Roma Heykellerine Rağmen Güzeldi
İstanbul kocaman bir meyva bahçesi, bizim şehirlerimiz ise taş ocağına benziyor demiş bir zamanlar Mimar Le Courbusier, üstad şimdi ki Gökdelenler İstanbul’unu görse acaba ne derdi ? Roma merkez Le Courbusieri haklı çıkartacak görünümdedir, 16. Ve 17. Yüzyıllardan kalma palazzo’lar (İtalyan bizim apartman dediğimize palazzo der) Roma görünüşüne hakimdir. Bunların bir de iç avlusu vardır. Bugün bilinen bütün Avrupa şehirleri de bu Palazzo’ları örnek almıştır. Apartman bir eski Roma icadıdır, ilk örnekleri Roma‘nın plajı Ostia’da ortaya çıkmış, dar gelirli Roma vatandaşları için sosyal mesken, altı da bar imiş. Şimdiki Roma’da Orta Çağ İtalyası görünmüyor, onları görebilmek için Perugia ve Siena gibi dağ şehir ve kasabalarına gitmek gerek. Ama İlk Çağ Roma’sının bazı kalıntıları var, Termini tiren İstasyonunun çok yakınlarında ki devasa Karakalla (İmparator) hamamları gibi. Kolesseum zaten biliniyor, turistlerin ilk götürüldüğü yerlerden, bir de Hıristiyan katakombları varmış ki onları göremedik.
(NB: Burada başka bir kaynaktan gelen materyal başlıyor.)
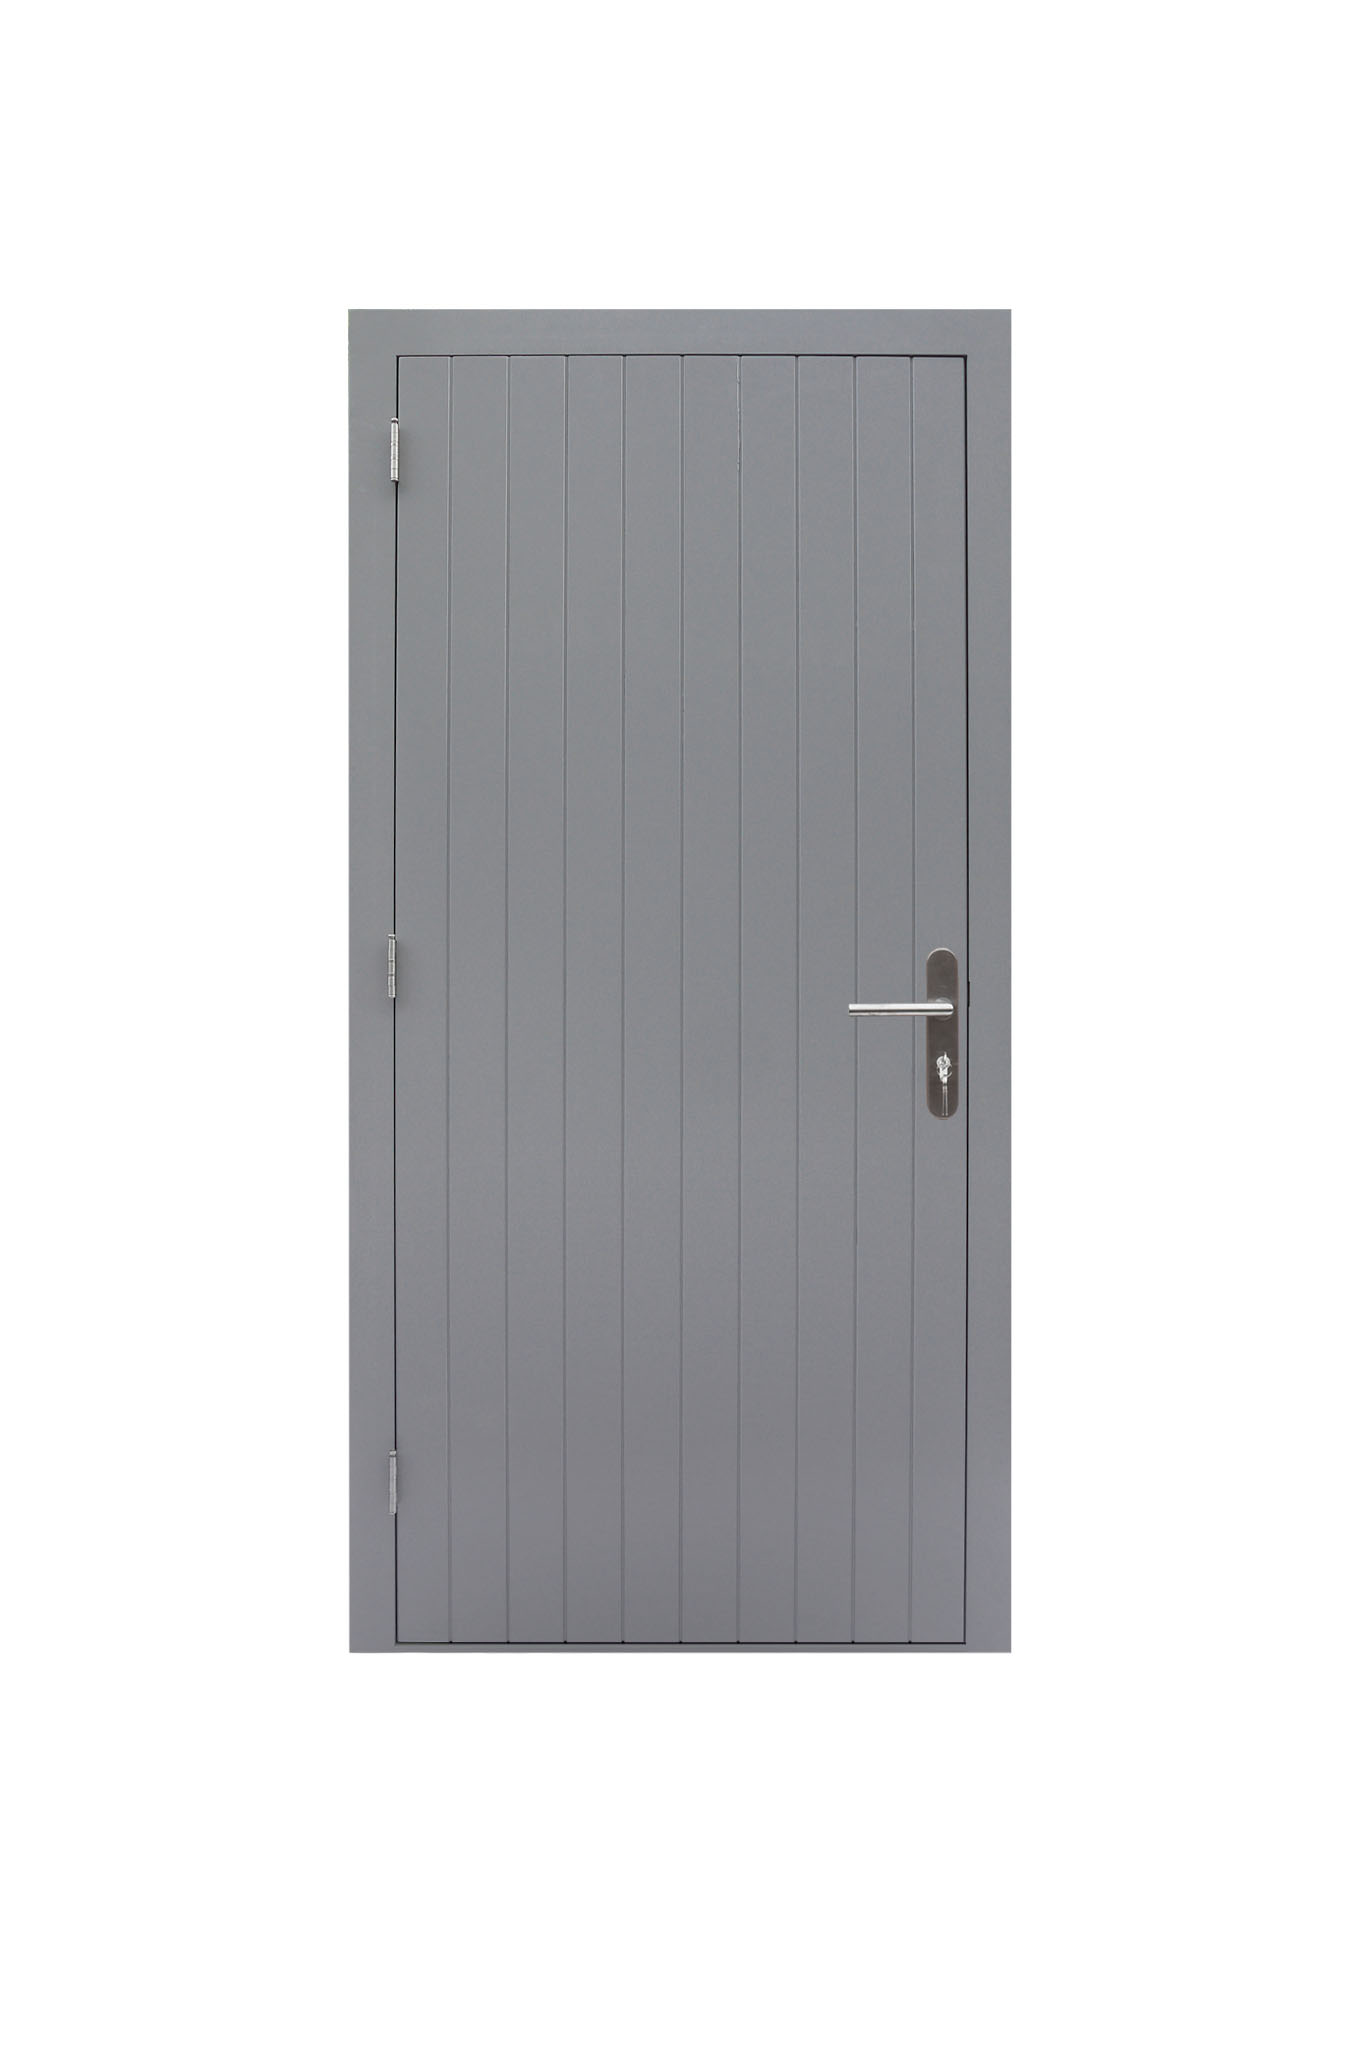 Hardhouten enkele dichte deur Prestige, linksdraaiend, 109 x 221 cm, grijs gegrond

16. yy.da Roma’nın dünyanın en büyük taş ocağı olduğunu, Papa’nın sarayı için Roma harabelerinden bizzat taş aldırtığını bizim restorasyoncu mimarlarımızdan bir hanımın bildirisinden dinlemiştim. Vatikanı yaptıran Papa’lar bunlar, batı’nın sanat aşkı böyle.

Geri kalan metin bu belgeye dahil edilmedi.